🤖 AI Summary
To address the excessive sequence length and increased computational overhead caused by byte-level fallback BPE tokenization on CJK and emoji-rich text, this paper proposes the first bit-granularity lossless compression tokenization framework. Methodologically, it transcends conventional byte- or character-level boundaries by extending BPE to the bit level, introducing a reversible bit-string packing/unpacking mechanism and a language-agnostic lightweight compressor. Its core contribution is the first realization of reversible subword reconstruction at the bit level—preserving the original tokenization semantics and full reversibility while significantly reducing sequence length.
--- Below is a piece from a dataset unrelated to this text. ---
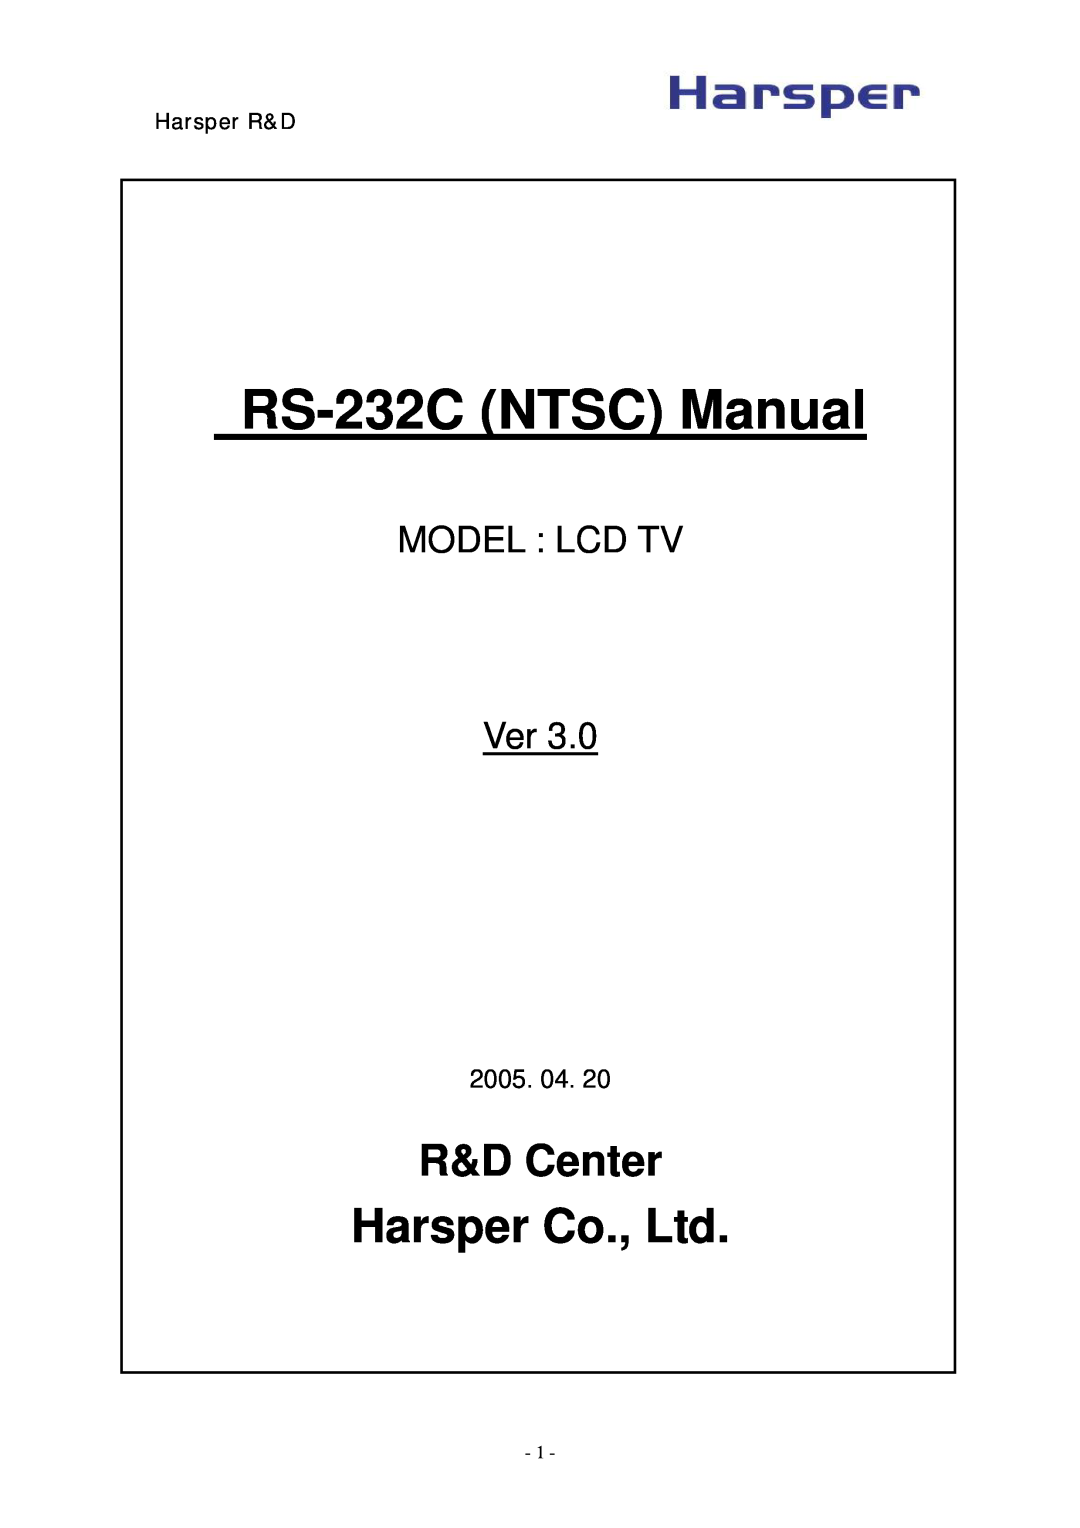 InFocus manual RS-232C NTSC Manual, R&D Center, MODEL LCD TV Ver, 2005. 04, Harsper R&D 
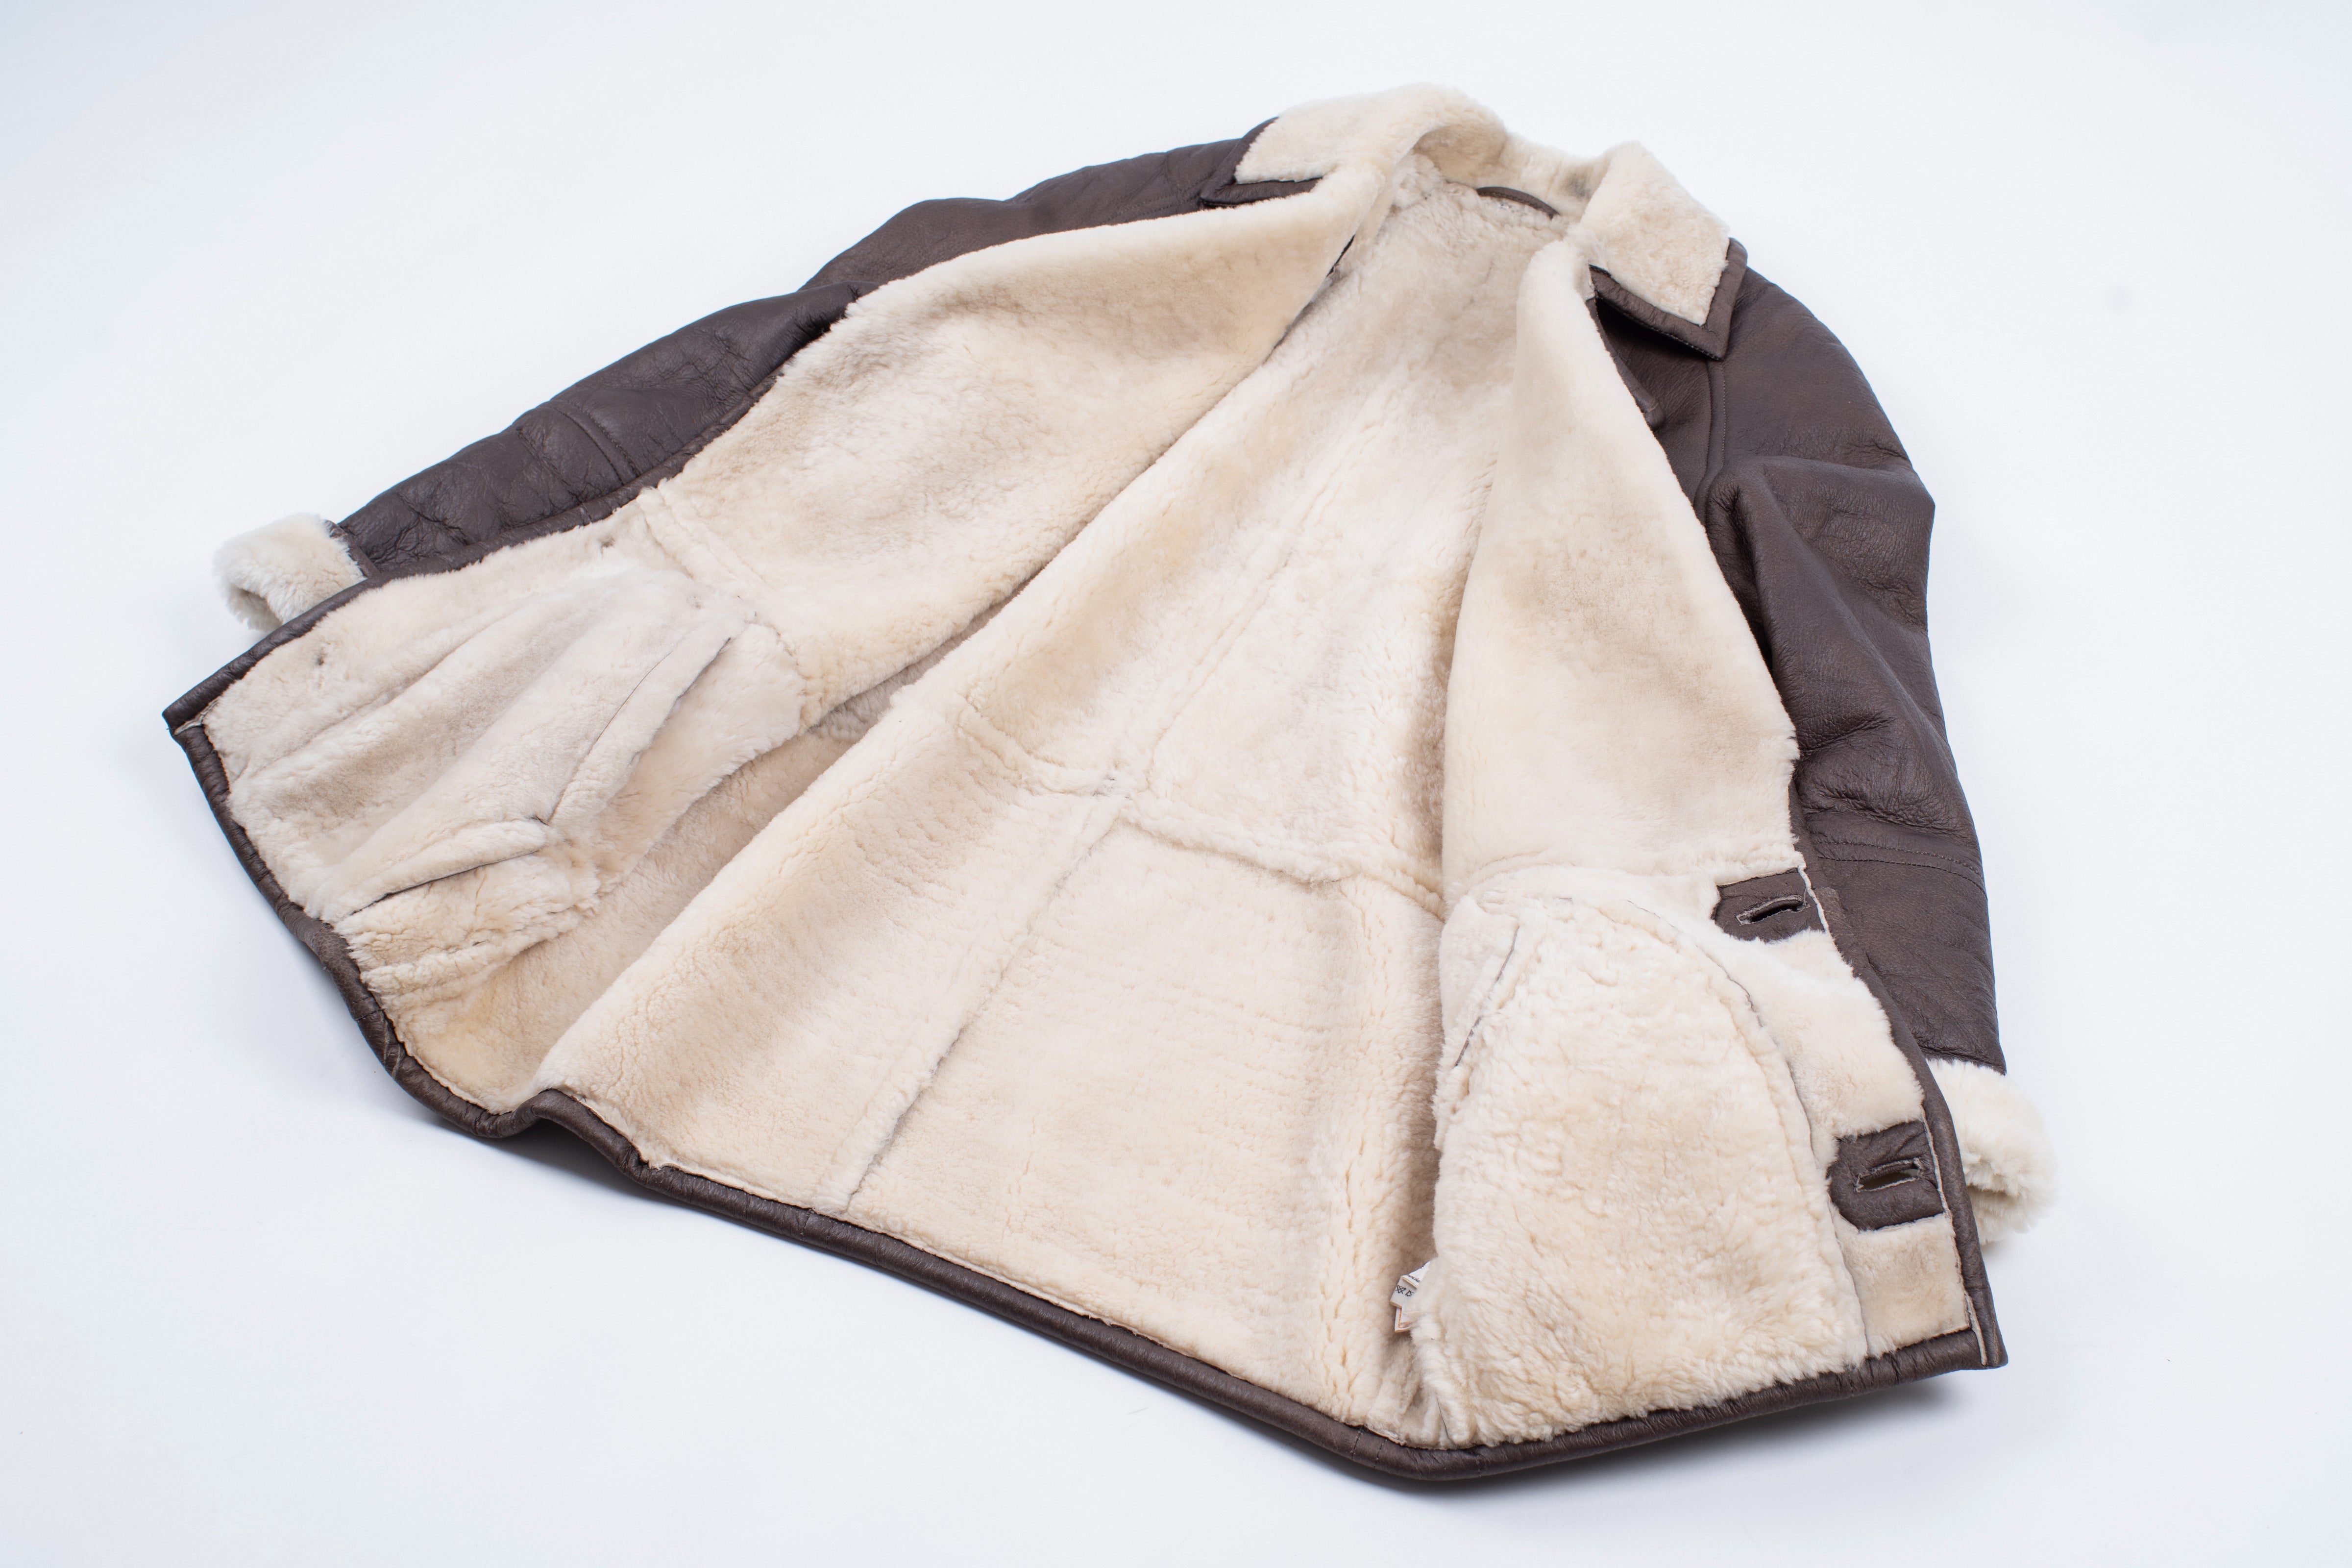 Trussardi Men's Brown Supple Leather Shearling Coat, XL

Experiments demonstrate an average 38% compression rate on CJK and emoji-dense corpora, with concurrent reductions in training and inference latency, without compromising downstream task performance.
📝 Abstract
Byte-level fallbacks for subword tokenization have become a common practice in large language models. In particular, it has been demonstrated to be incredibly effective as a pragmatic solution for preventing OOV, especially in the context of larger models. However, breaking a character down to individual bytes significantly increases the sequence length for long-tail tokens in languages such as Chinese, Japanese, and Korean (CJK) and other character-diverse contexts such as emoji. The increased sequence length results in longer computation during both training and inference. In this work, we propose a simple compression technique that reduces the sequence length losslessly.